THE PROBLEM —
Everything from the line containing "Nike Women's Sportswear" to the last line of the listing below should be restated exactly, both ends included, with nothing added and the pictures omitted.

RAW DATA —
%%
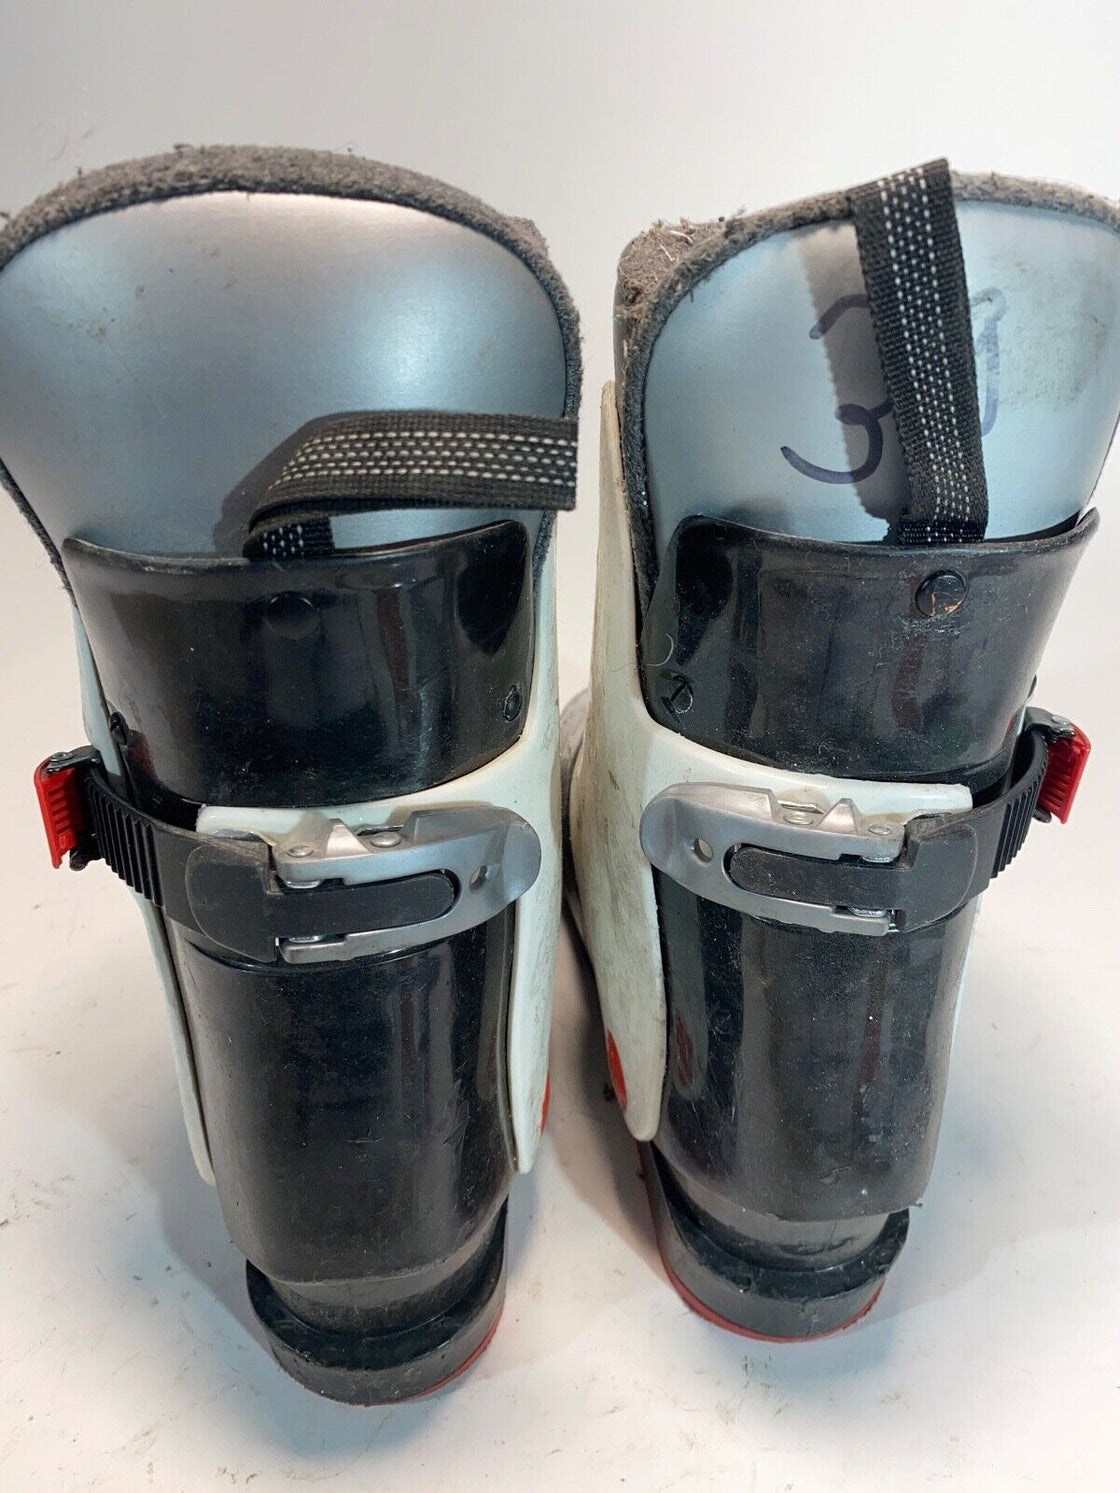 TECNO Alpine Ski Boots Downhill Boots Size EU39 Mondo 240 mm, Outer Sole 289 mm
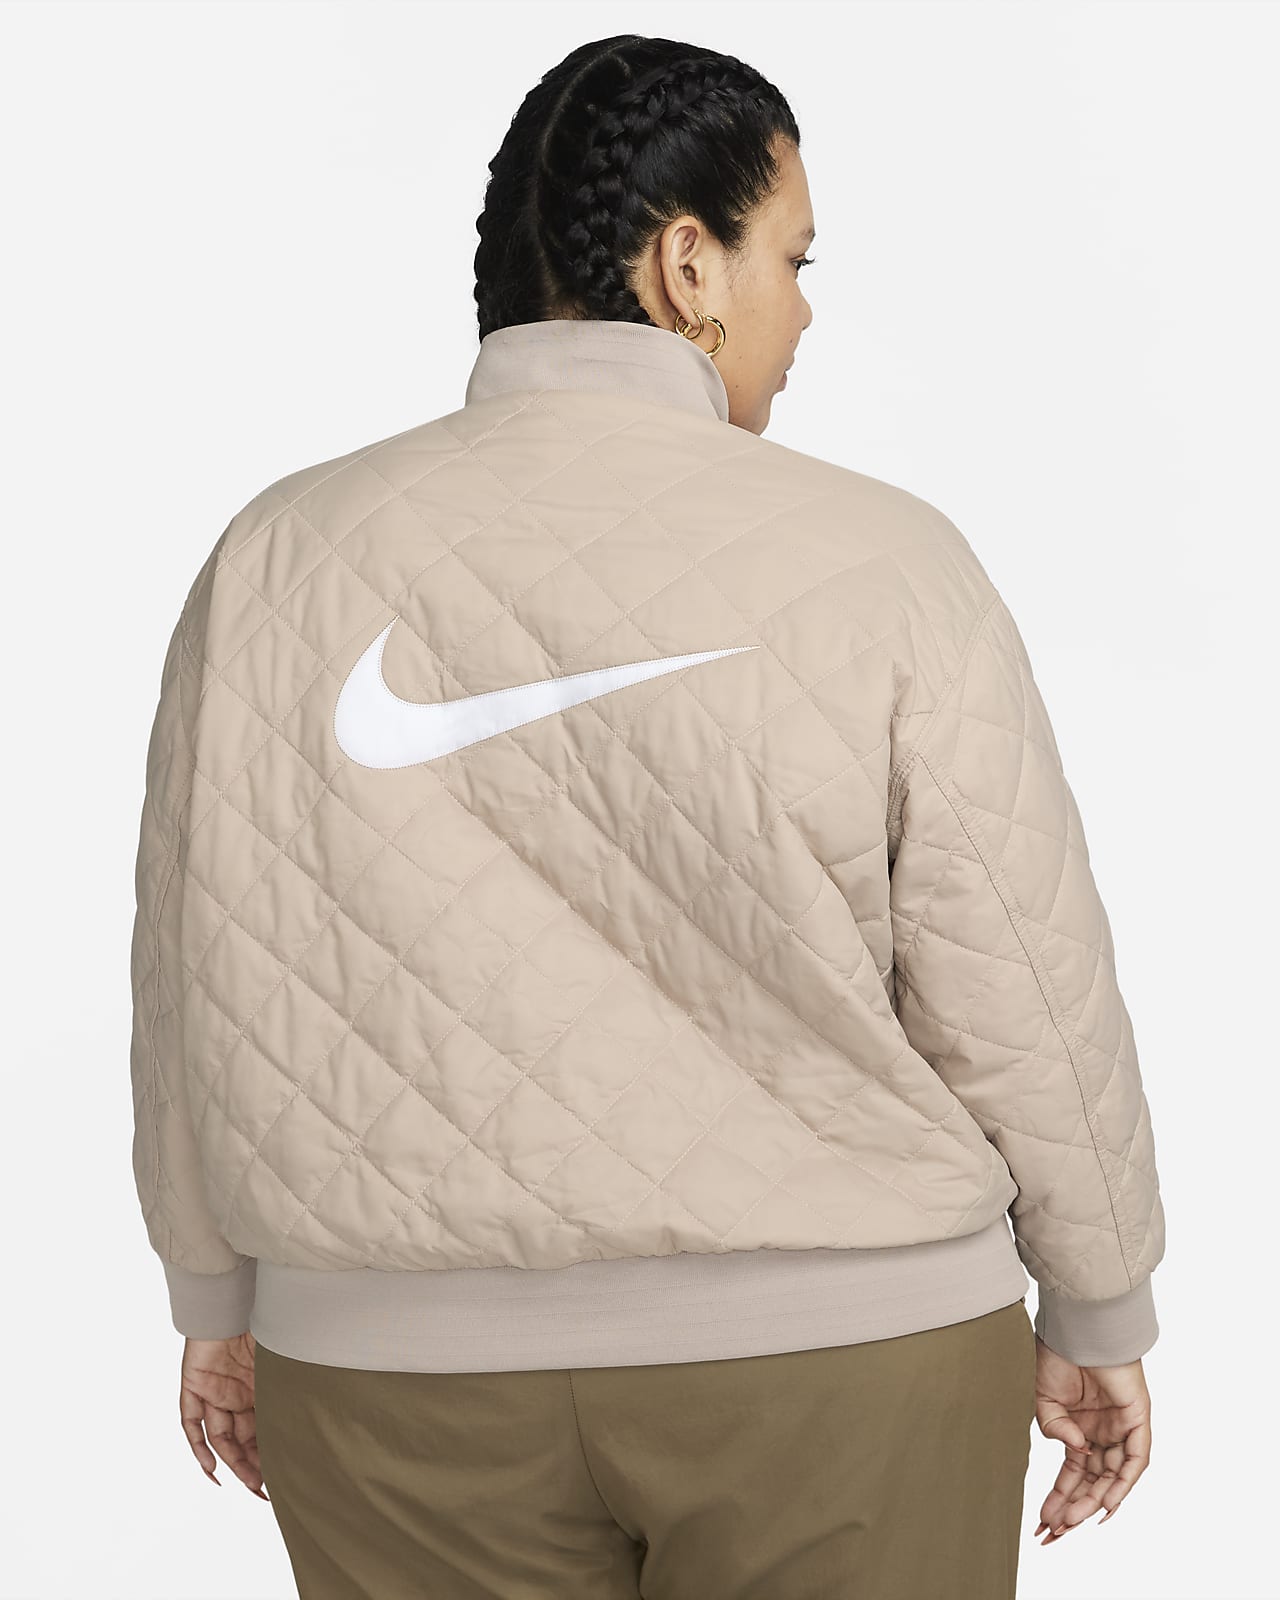 Nike Women's Sportswear Reversible Bomber Jacket
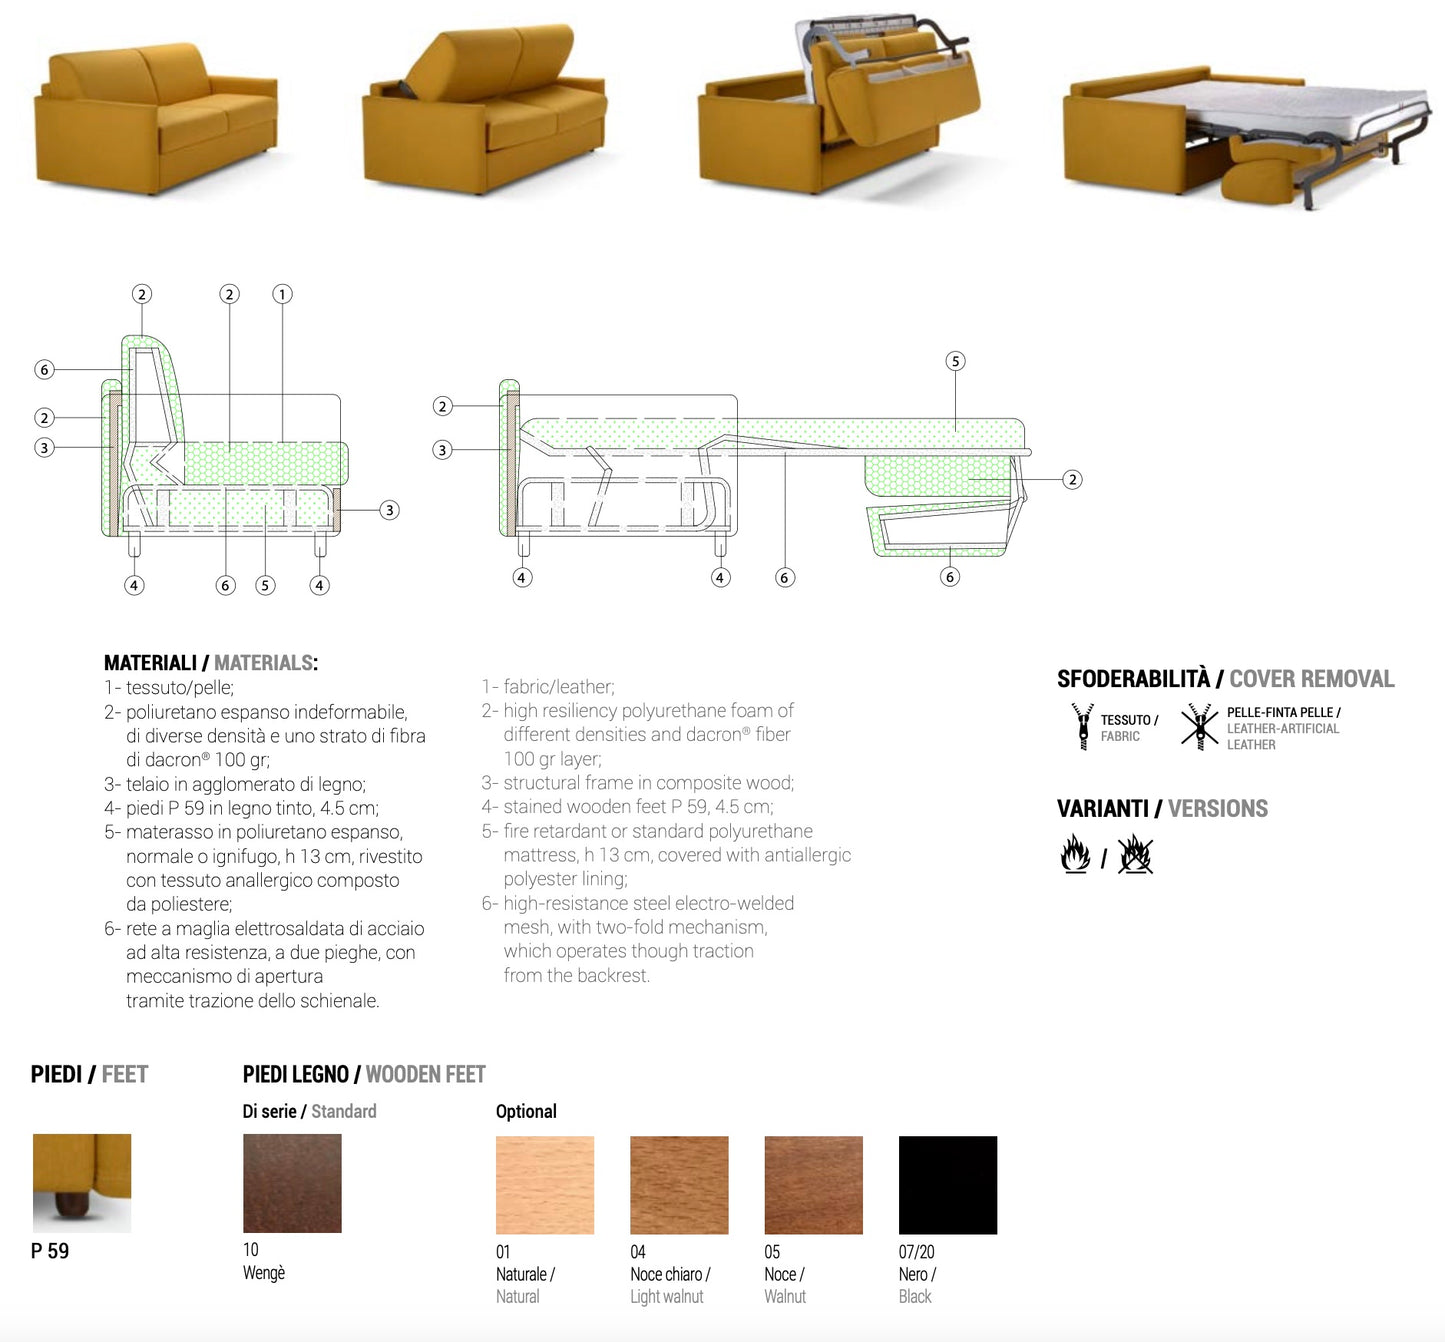 Pegaso 2-Seater Sofa Bed by Domingo Salotti
%%
RESPONSE AREA —
 Nike Women's Sportswear Reversible Bomber Jacket
 Pegaso 2-Seater Sofa Bed by Domingo Salotti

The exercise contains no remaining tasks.